Files
voicepaste/internal/asr/client.go
imbytecat 8c7b9b45fd feat: 启用豆包二遍识别模式以提升实时性和准确率
- 切换到 bigmodel_async endpoint 并启用 enable_nonstream
- 第一遍流式识别提供实时文字预览
- VAD 分句后自动触发第二遍非流式识别提升准确率
- 修改文本处理逻辑从累加改为替换(适配 full 模式)
- 统一配置字段命名:app_key → app_id, access_key → access_token
2026-03-01 21:34:54 +08:00

173 lines
4.1 KiB
Go

package asr
import (
"fmt"
"log/slog"
"net/http"
"sync"
"time"
"github.com/fasthttp/websocket"
"github.com/google/uuid"
wsMsg "github.com/imbytecat/voicepaste/internal/ws"
)
const (
doubaoEndpoint = "wss://openspeech.bytedance.com/api/v3/sauc/bigmodel_async"
writeTimeout = 10 * time.Second
readTimeout = 30 * time.Second
)
// Config holds Doubao ASR connection parameters.
type Config struct {
AppID string
AccessToken string
ResourceID string
}
// Client manages a single ASR session with Doubao.
type Client struct {
cfg Config
conn *websocket.Conn
mu sync.Mutex
closed bool
closeCh chan struct{}
log *slog.Logger
}
// Dial connects to Doubao ASR and sends the initial FullClientRequest.
// resultCh receives partial/final results. Caller must call Close() when done.
func Dial(cfg Config, resultCh chan<- wsMsg.ServerMsg) (*Client, error) {
connID := uuid.New().String()
headers := http.Header{
"X-Api-App-Key": {cfg.AppID},
"X-Api-Access-Key": {cfg.AccessToken},
"X-Api-Resource-Id": {cfg.ResourceID},
"X-Api-Connect-Id": {connID},
}
dialer := websocket.Dialer{
HandshakeTimeout: 10 * time.Second,
}
conn, _, err := dialer.Dial(doubaoEndpoint, headers)
if err != nil {
return nil, fmt.Errorf("dial doubao: %w", err)
}
c := &Client{
cfg: cfg,
conn: conn,
closeCh: make(chan struct{}),
log: slog.With("conn_id", connID),
}
// Send FullClientRequest
req := &FullClientRequest{
User: UserMeta{UID: connID},
Audio: AudioMeta{
Format: "pcm",
Codec: "raw",
Rate: 16000,
Bits: 16,
Channel: 1,
},
Request: RequestMeta{
ModelName: "seedasr-2.0",
EnableITN: true,
EnablePUNC: true,
EnableDDC: true,
ShowUtterances: true,
ResultType: "full",
EnableNonstream: true,
EndWindowSize: 800,
},
}
data, err := EncodeFullClientRequest(req)
if err != nil {
conn.Close()
return nil, fmt.Errorf("encode full request: %w", err)
}
_ = conn.SetWriteDeadline(time.Now().Add(writeTimeout))

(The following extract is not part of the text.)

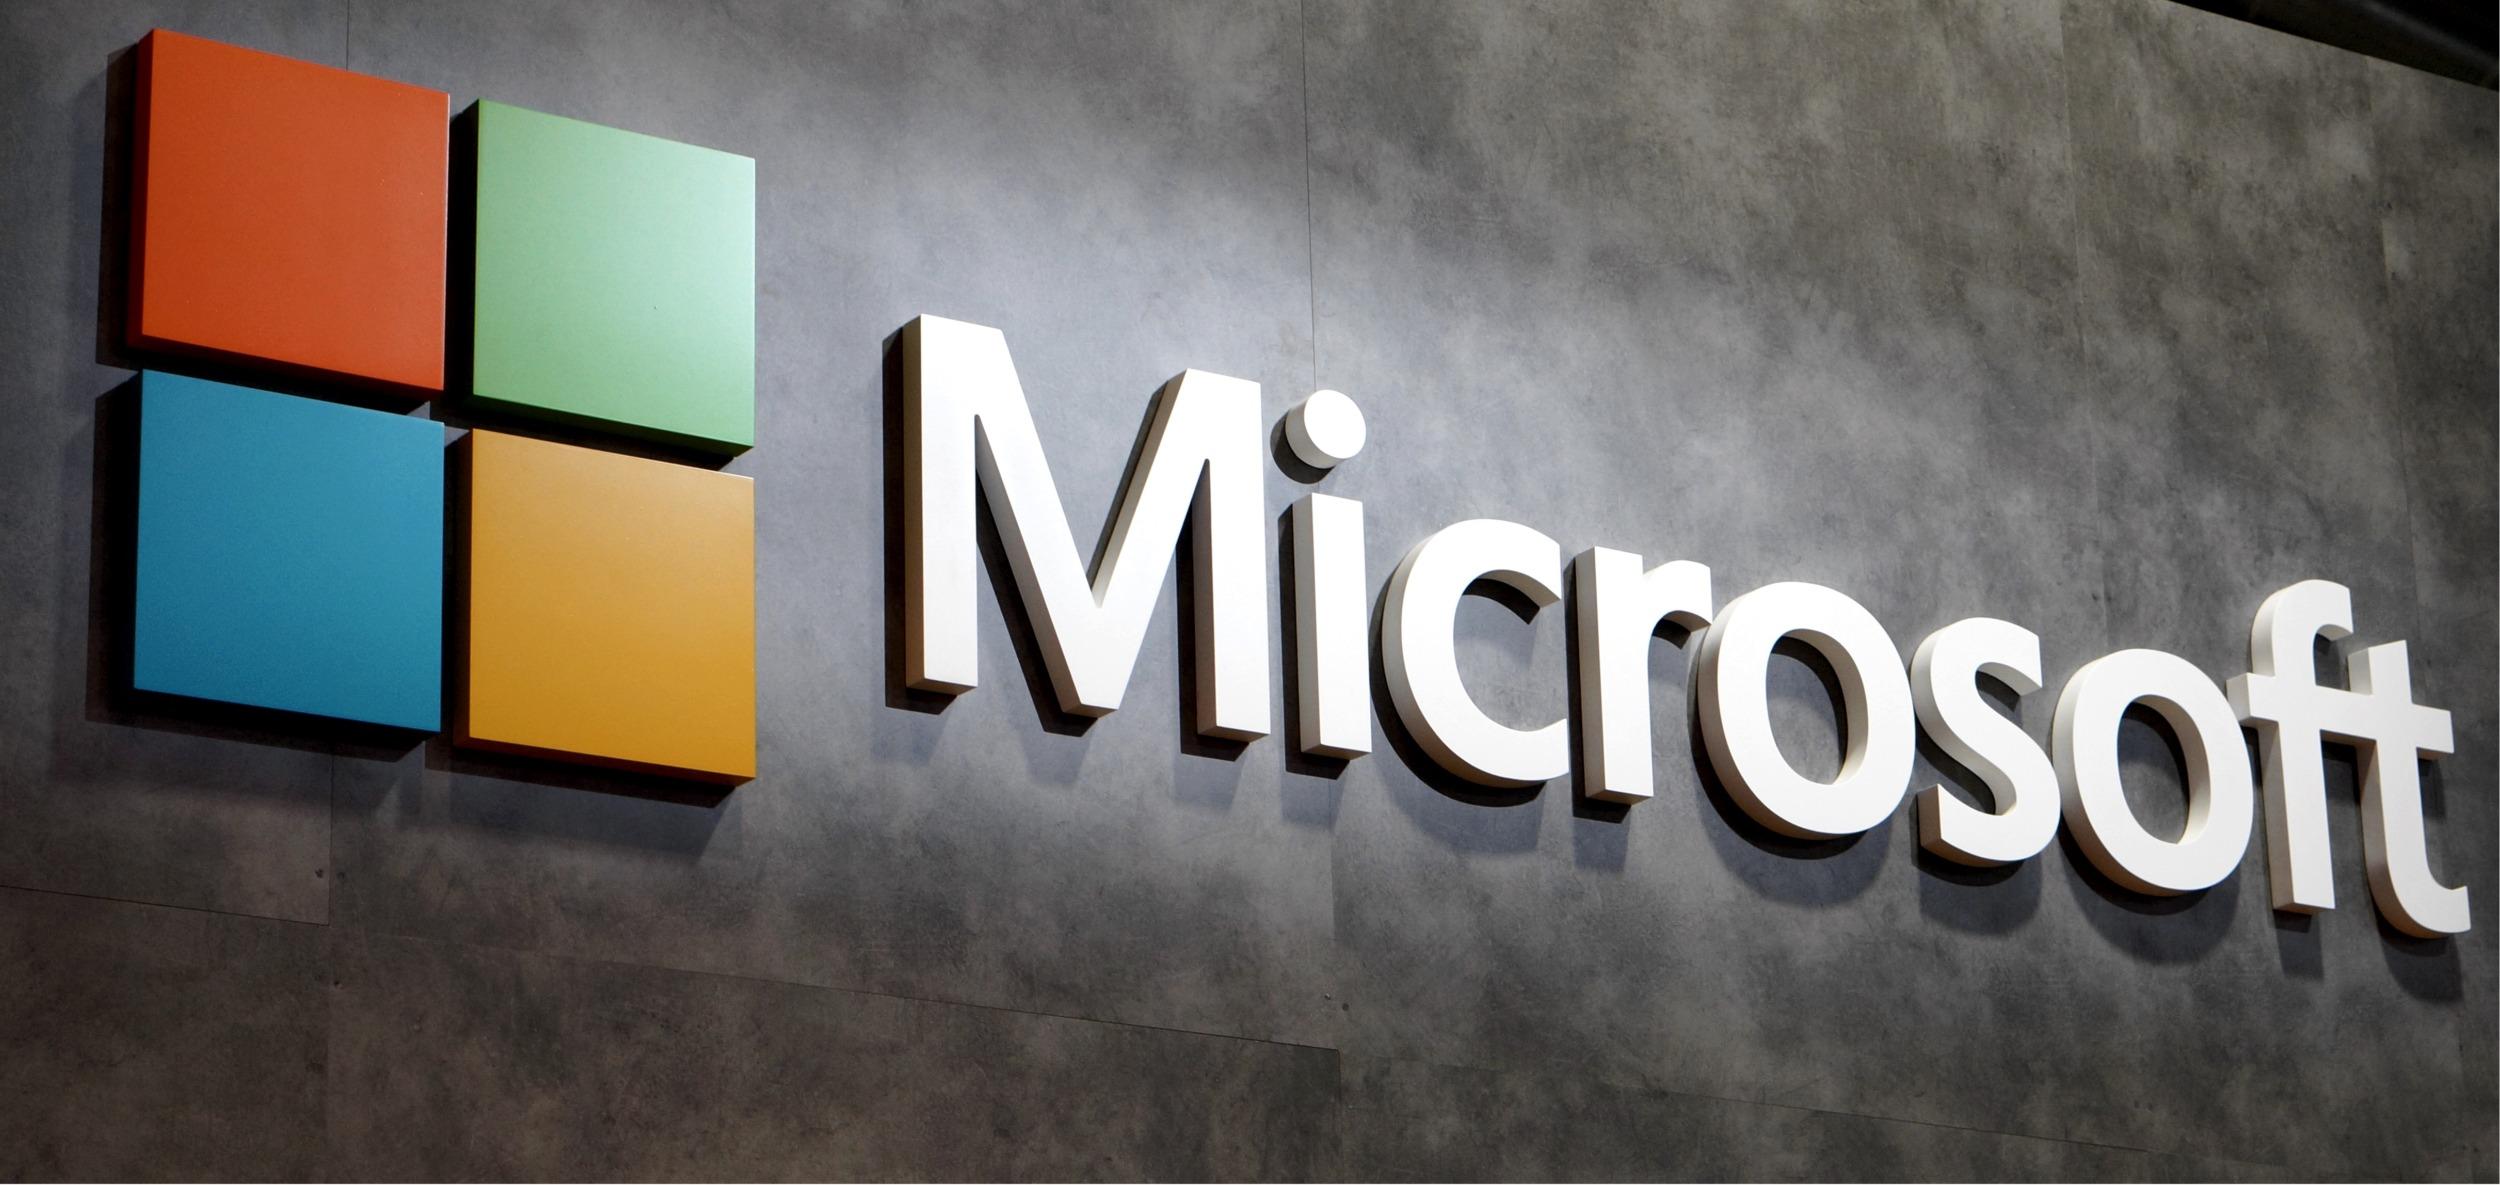 Microsoft uvolnil jednotnou aplikaci Office i pro iPady

if err := conn.WriteMessage(websocket.BinaryMessage, data); err != nil {
conn.Close()
return nil, fmt.Errorf("send full request: %w", err)
}
// Start read loop
go c.readLoop(resultCh)
return c, nil
}
// SendAudio sends a PCM audio frame to Doubao.
func (c *Client) SendAudio(pcm []byte, last bool) error {
c.mu.Lock()
defer c.mu.Unlock()
if c.closed {
return fmt.Errorf("client closed")
}
data, err := EncodeAudioFrame(pcm, last)
if err != nil {
return fmt.Errorf("encode audio: %w", err)
}
_ = c.conn.SetWriteDeadline(time.Now().Add(writeTimeout))
return c.conn.WriteMessage(websocket.BinaryMessage, data)
}
// readLoop reads server responses and forwards them to resultCh.
func (c *Client) readLoop(resultCh chan<- wsMsg.ServerMsg) {
defer func() {
c.conn.Close()
c.mu.Lock()
c.closed = true
c.mu.Unlock()
close(c.closeCh)
}()
for {
_ = c.conn.SetReadDeadline(time.Now().Add(readTimeout))
_, data, err := c.conn.ReadMessage()
if err != nil {
c.log.Debug("asr read done", "err", err)
return
}
resp, err := ParseResponse(data)
if err != nil {
c.log.Warn("parse asr response", "err", err)
continue
}
if resp.Code != 0 {
c.log.Error("asr error", "code", resp.Code, "msg", resp.ErrMsg)
resultCh <- wsMsg.ServerMsg{Type: wsMsg.MsgError, Message: resp.ErrMsg}
return
}
// bigmodel_async with enable_nonstream: returns both streaming (partial) and definite (final) results
text := resp.Text
if text != "" {
if resp.IsLast {
resultCh <- wsMsg.ServerMsg{Type: wsMsg.MsgFinal, Text: text}
} else {
// Intermediate streaming result (first pass) — preview only
resultCh <- wsMsg.ServerMsg{Type: wsMsg.MsgPartial, Text: text}
}
}
if resp.IsLast {
return
}
}
}
// Finish sends the last audio frame and waits for ASR to return final results.
func (c *Client) Finish() {
c.mu.Lock()
if c.closed {
c.mu.Unlock()
return
}
c.mu.Unlock()
_ = c.SendAudio(nil, true)
<-c.closeCh
}
// Close forcefully shuts down the ASR connection.
func (c *Client) Close() {
c.mu.Lock()
if c.closed {
c.mu.Unlock()
return
}
c.conn.Close()
c.mu.Unlock()
<-c.closeCh
}